MORE than 1500 NHS posts were axed in Scotland between March and June this year, prompting claims that patient care is being placed in jeopardy.

Nurses and midwives accounted for one in three job losses and the head of Scotland’s nurses warned their shrinking workforce spells “bad news” for frontline services.

NHS Scotland revealed an almost 1% drop in the number of nurses and midwives in Scotland’s hospitals in the three months to June 30, from 66,425 to 65,856 – a total of 569 fewer posts.

The figures came against an overall cut in NHS Scotland staff, excluding GPs, of 1589 during the three month period –including a 7.5% cut in senior management posts.

It follows previous cuts in nursing and midwifery staff of more than 1200 between September 2009 and March 2011.

Theresa Fyffe, director of the Royal College of Nursing (RCN) Scotland, said she was concerned that the pace of job losses was accelerating.

She said: “The rapid acceleration in the number of nursing posts being lost is bad news for patients. The Scottish Government and the NHS are now faced with a huge challenge – to find ways to deliver high-quality services to more people with increasingly complex needs with an ever shrinking workforce.

“Pressure on health boards to balance books and make more and more savings has resulted in them chipping away at the workforce to save money on pay. It is now time for health boards to look more carefully at savings that could be made in other areas, such as sharing clinical and backroom services.”

Opposition parties also attacked the cut in numbers of nurses and midwives, with Labour accusing the SNP of going back on its election promise to protect frontline services.

Scottish Labour’s health spokeswoman Jackie Baillie, said: “These figures expose the fact that the SNP is allowing our NHS to haemorrhage staff, especially nurses, at an alarming rate. The SNP has cut the number of nurses to its lowest level since 2005 and even more nurses are set to lose their jobs next year. It is a disgrace that frontline nurses are being forced to bear the brunt of the SNP’s cuts. Nurses should be in our hospitals, and in our communities, not joining the dole queue.”

A total of 525 administrative posts were axed – a fall of 1.9% – while 29 consultant posts were also lost, equivalent to 0.6% of the total consultant workforce.

Murdo Fraser, Scottish Tory health spokesman, said: “No doubt the SNP will try to argue these are only small reductions, but they have occurred over very short periods of time. They represent a growing trend of cuts in frontline staff when the SNP gave a commitment that this wouldn’t happen.”

The figures reveal that almost 90 management grade roles were axed during the three months – a fall of 7.5% – although a spokesman for ISD Scotland, the body which produces the statistics, said differences in how it and the Scottish Government define executive posts meant its figures did not reflect how well the Government was progressing with its target to reduce NHS senior management by 25% by 2015.
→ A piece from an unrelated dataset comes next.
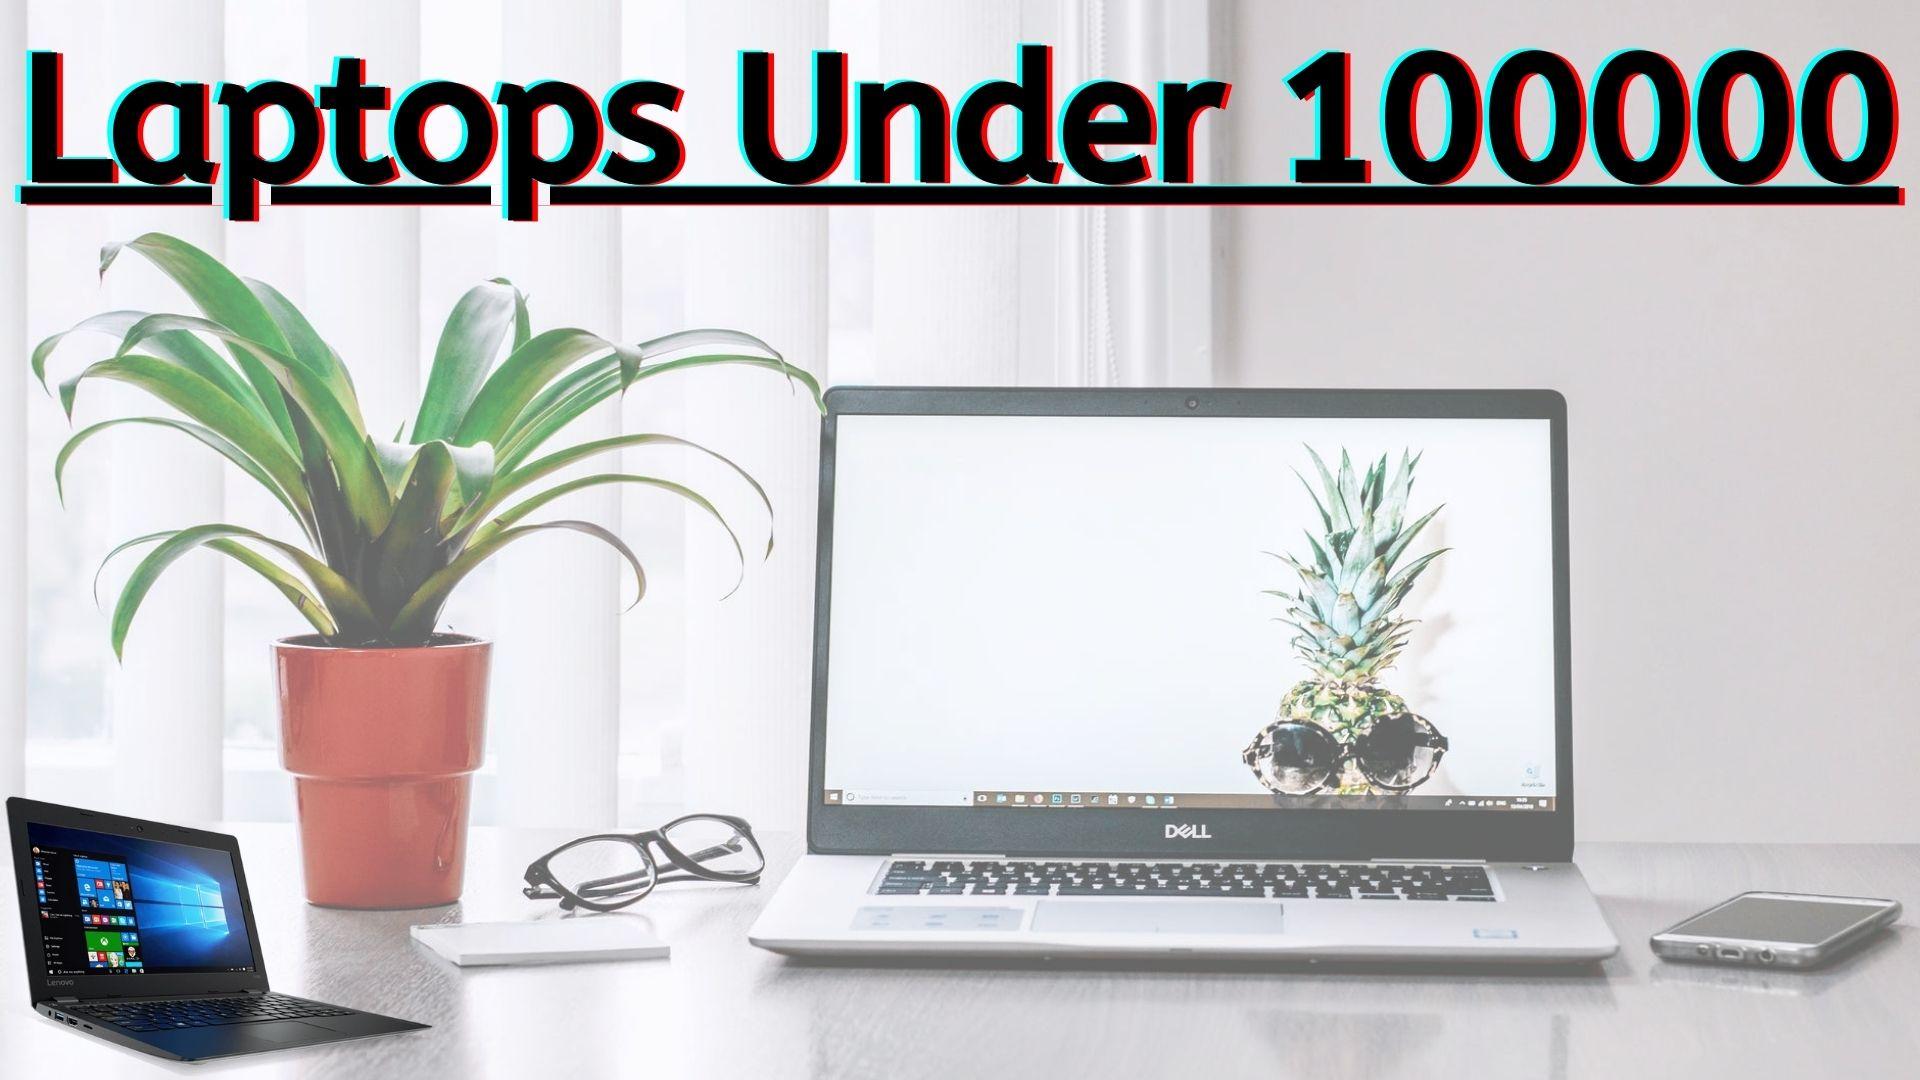 Laptops Under 100000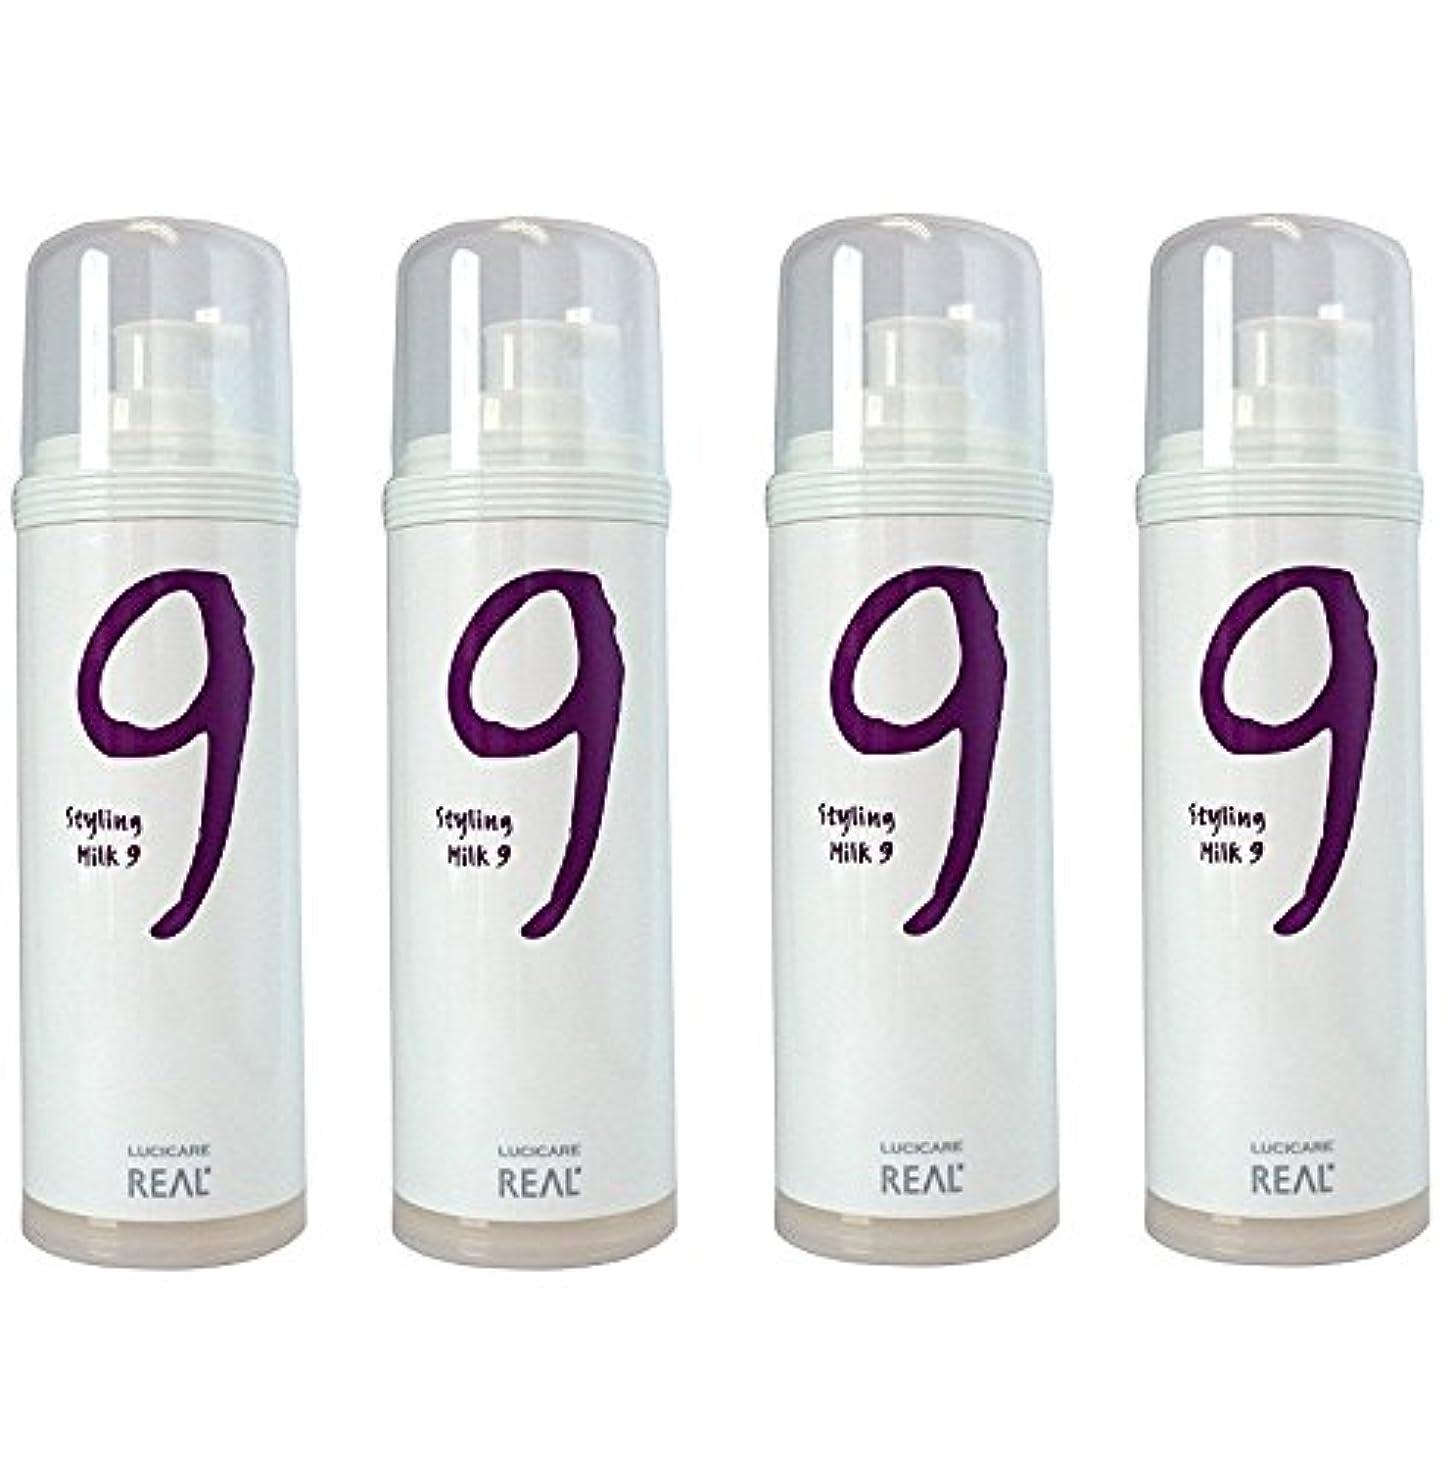 貸し手名声海上【4本セット】 リアル化学 ルシケア スタイリングミルク9 135g 【ハード】

Health Secretary Nicola Sturgeon said the NHS was coping with fewer nurses due to patients spending less time in hospital and increasing numbers of patients visiting hospital for day procedures, instead of having to stay in overnight.

She said: “I appreciate that any reduction in the NHS workforce – particularly when it involves nurses – will cause concern. The fact is, though, that the NHS doesn’t stand still.

“The way that services are delivered is constantly changing. For example, over three quarters of all surgery is now done on a day case rather than an inpatient basis, and hospital stays are shorter than ever before.”